**WORKING DATA**
- Opening Delimiter -
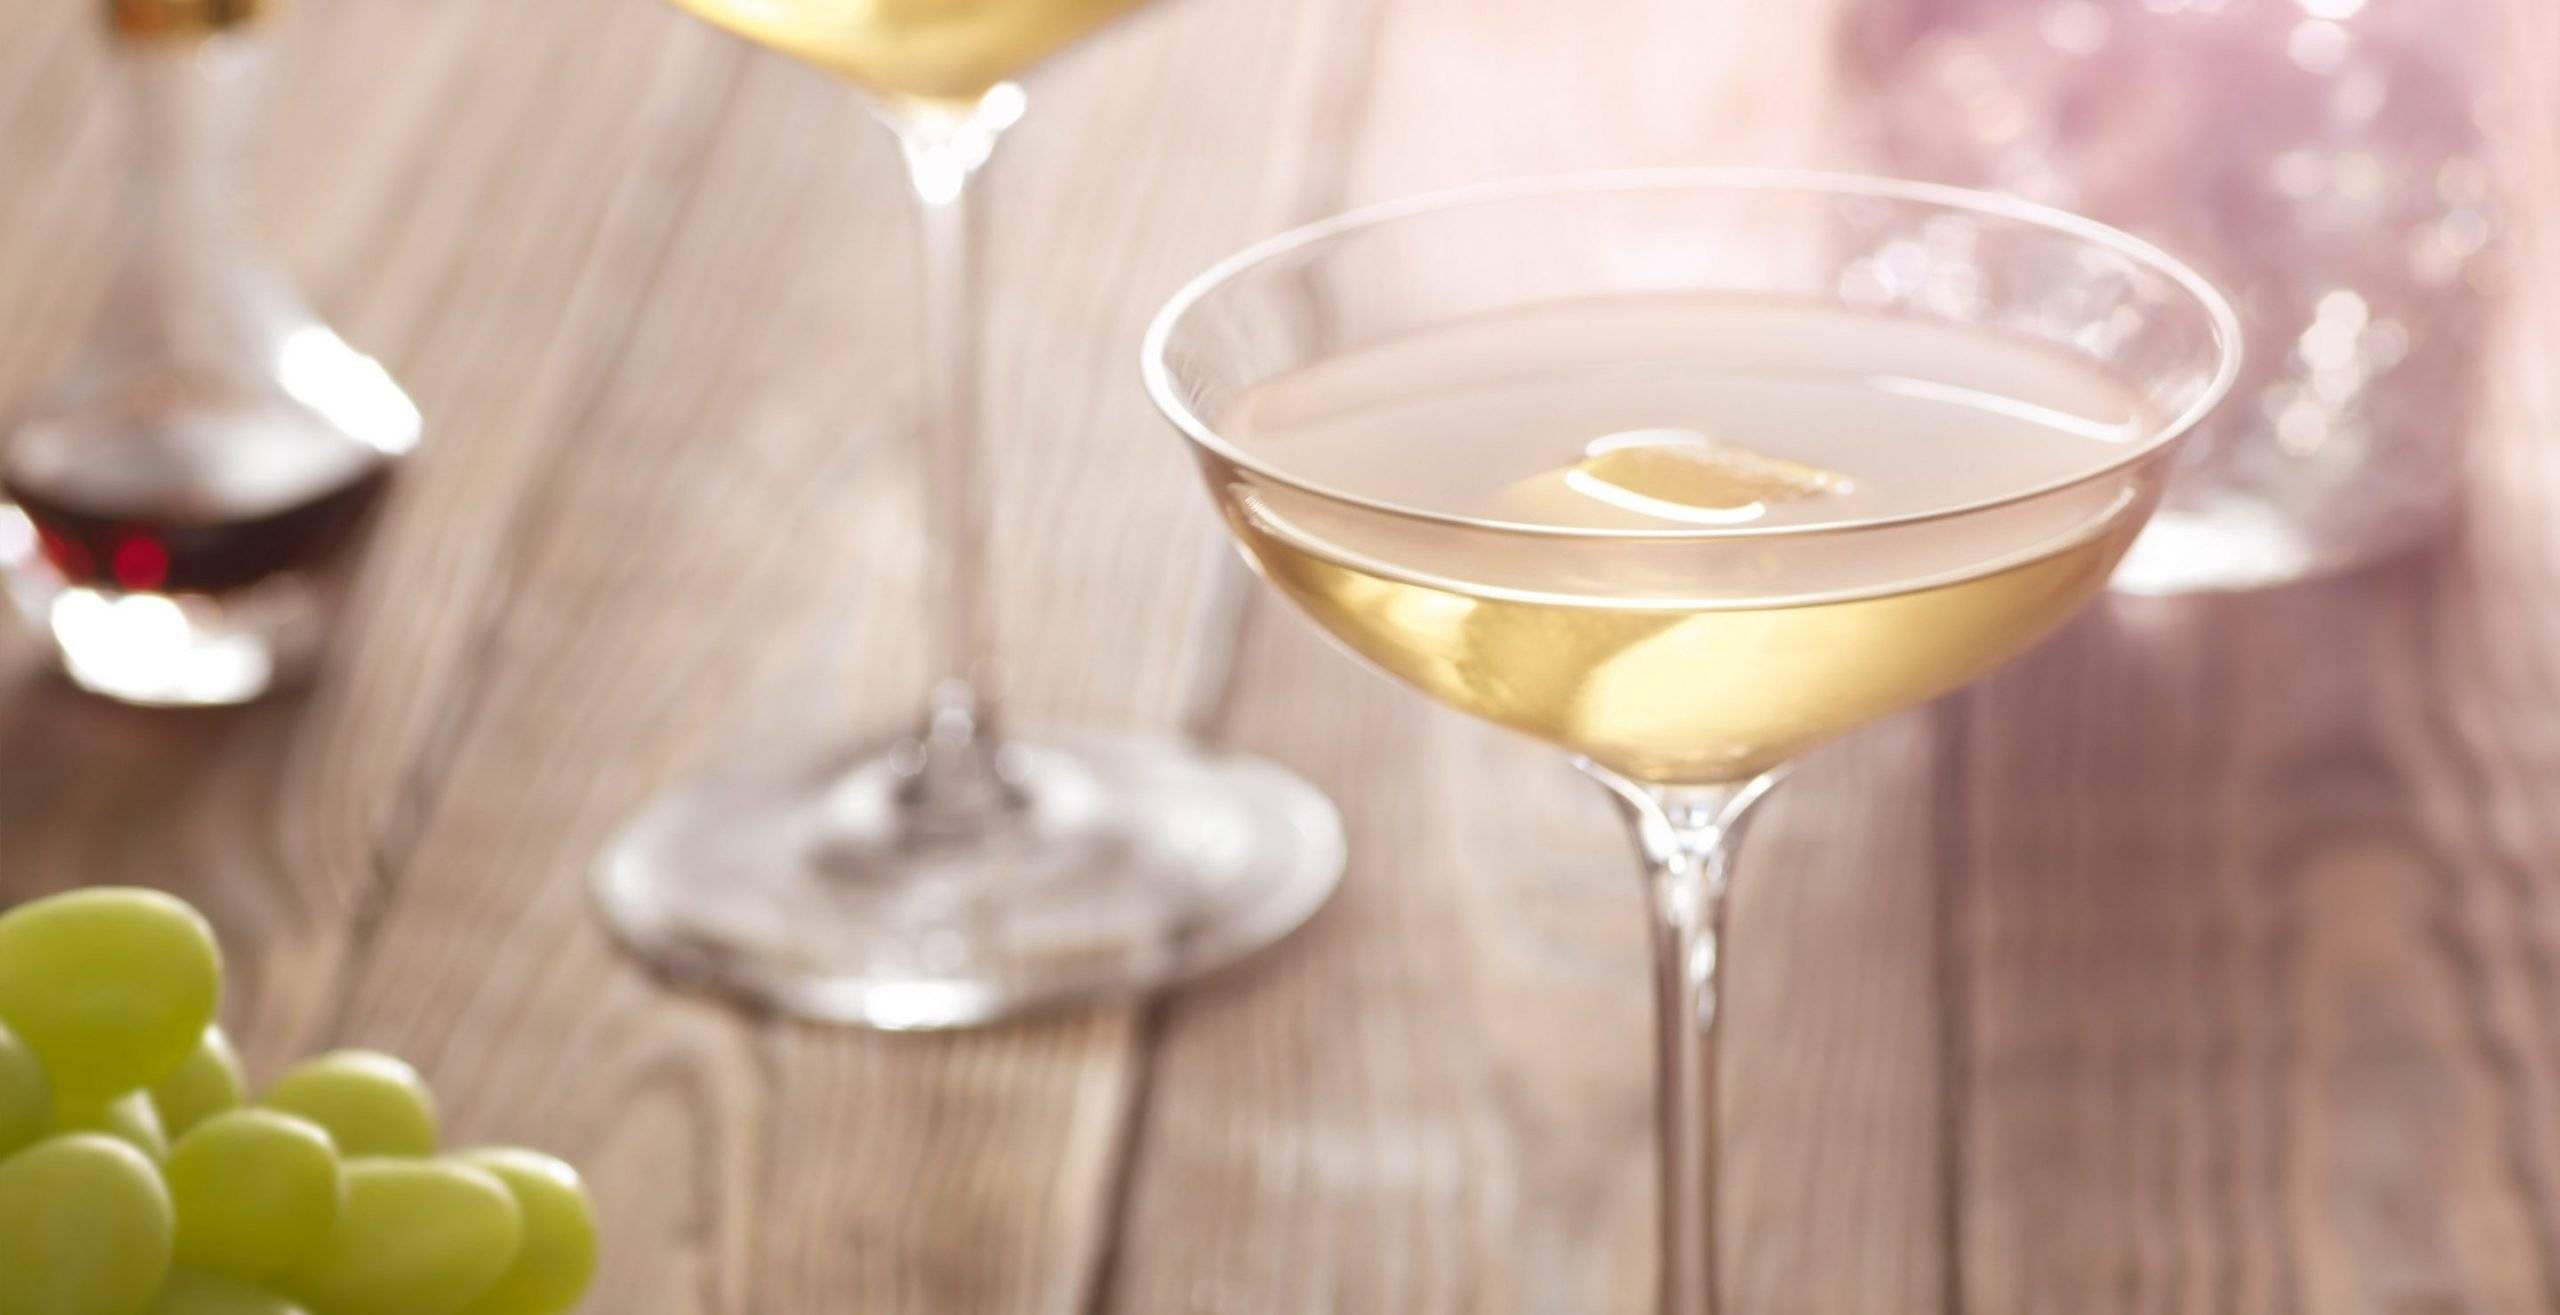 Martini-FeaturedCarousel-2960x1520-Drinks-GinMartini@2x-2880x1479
- Closing Delimiter -
- Opening Delimiter -
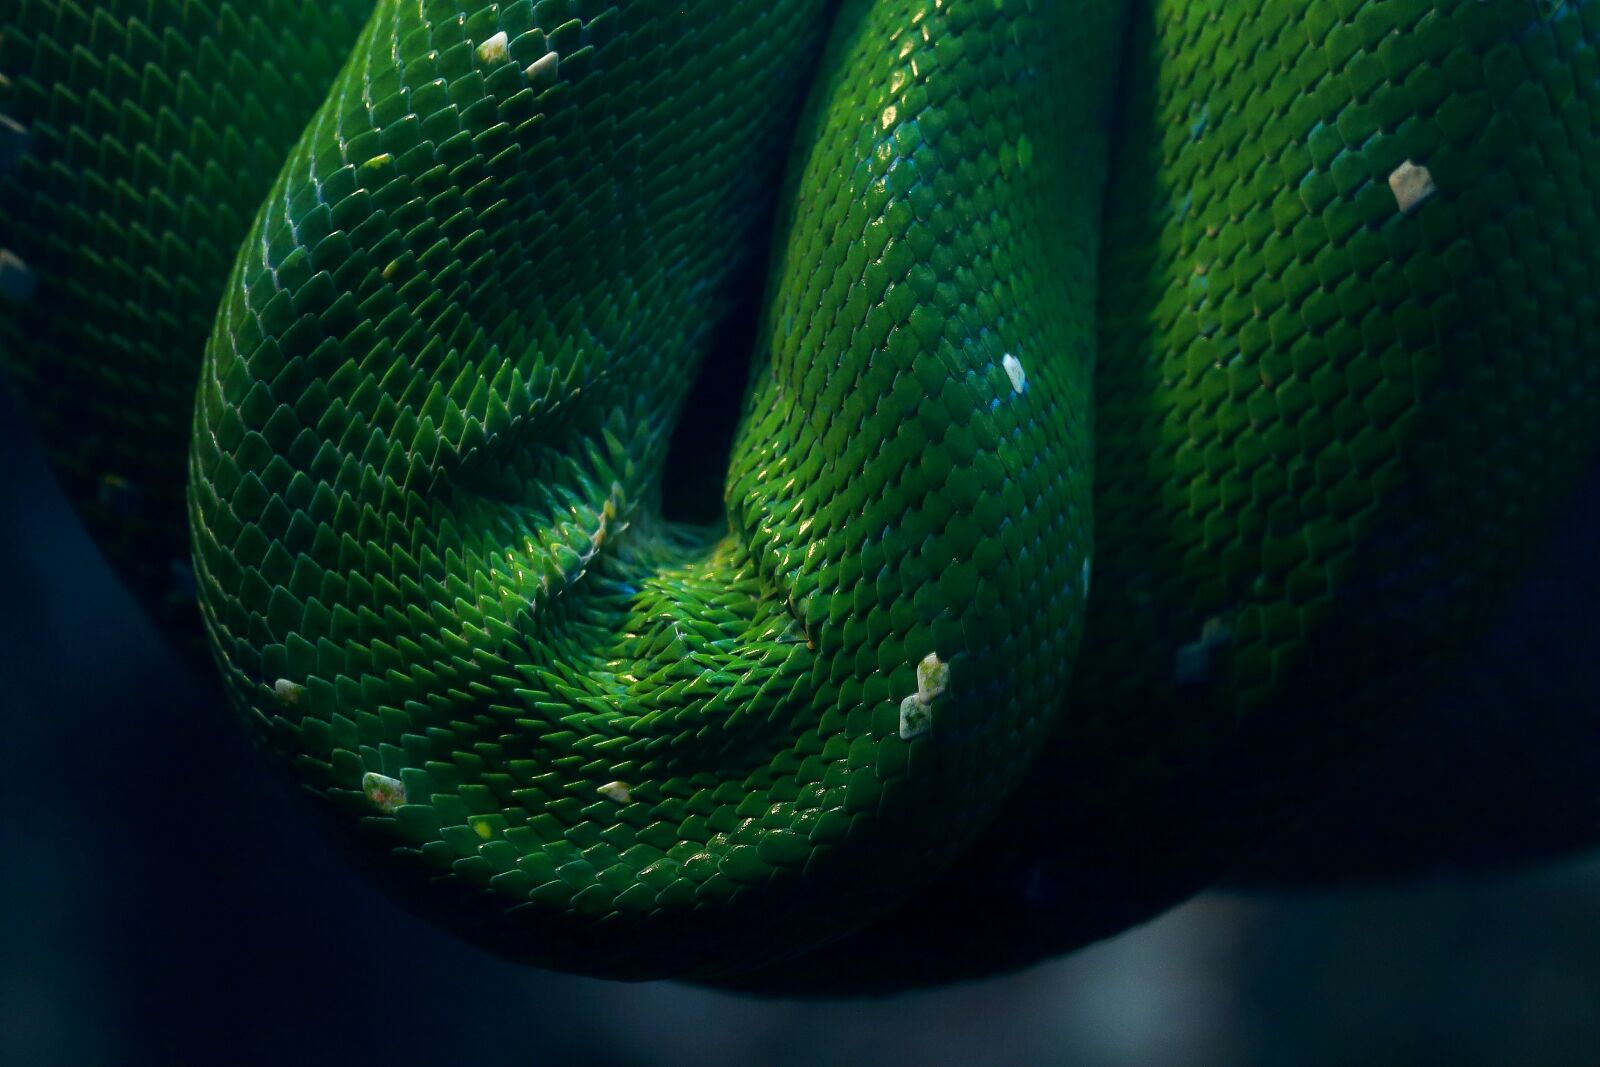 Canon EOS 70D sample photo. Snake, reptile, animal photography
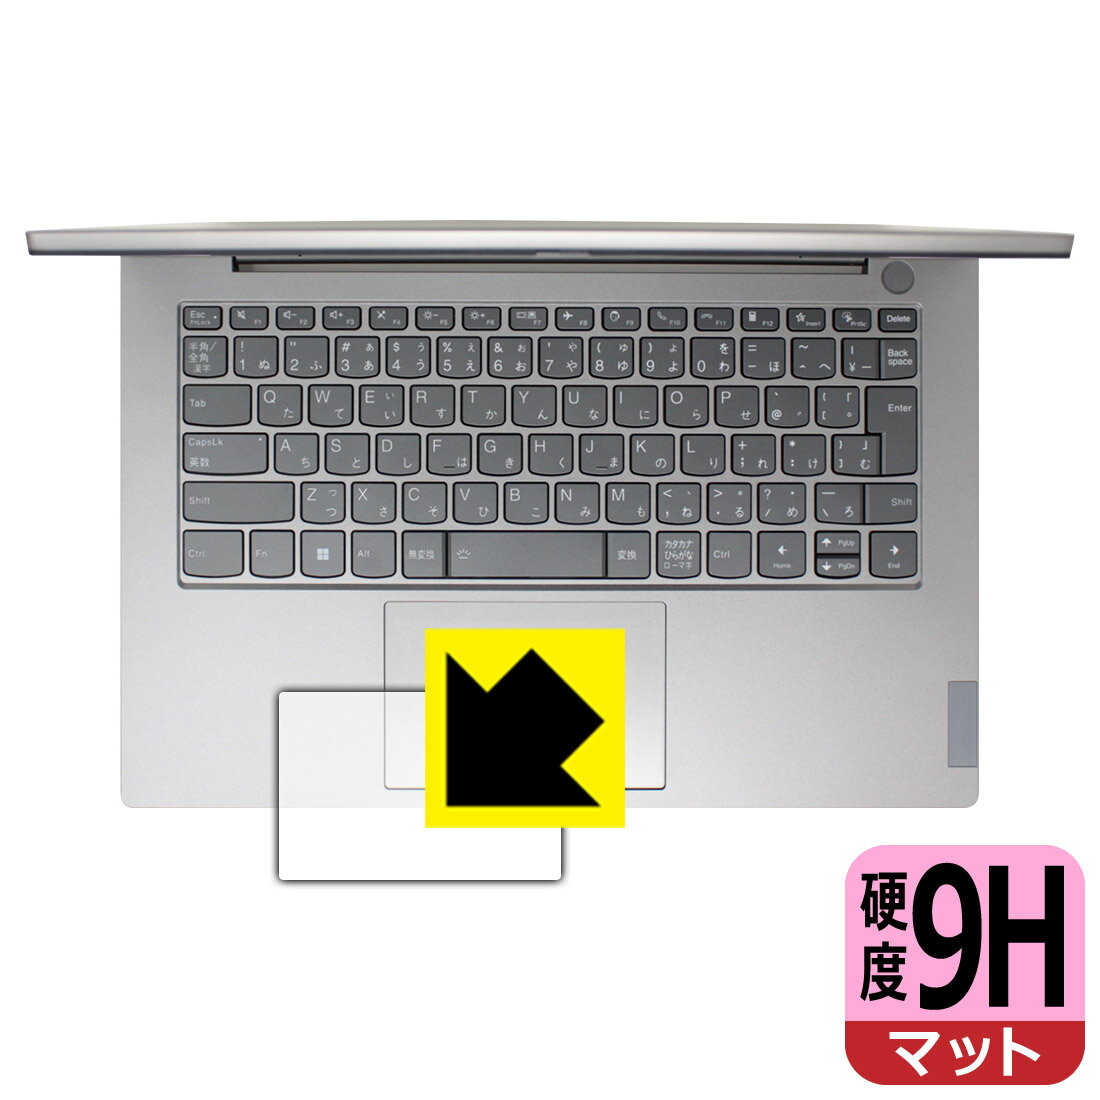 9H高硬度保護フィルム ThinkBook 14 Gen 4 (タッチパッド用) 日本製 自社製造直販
- Closing Delimiter -
**TASK DIRECTIONS**
I would like the exact lines from the data above, starting with the one that holds "Canon EOS 70D" and going on through the one that holds "9H高硬度保護フィルム ThinkBook 14", without the pictures.

**SOLUTION FOR THIS PROBLEM**
 Canon EOS 70D sample photo. Snake, reptile, animal photography
 9H高硬度保護フィルム ThinkBook 14 Gen 4 (タッチパッド用) 日本製 自社製造直販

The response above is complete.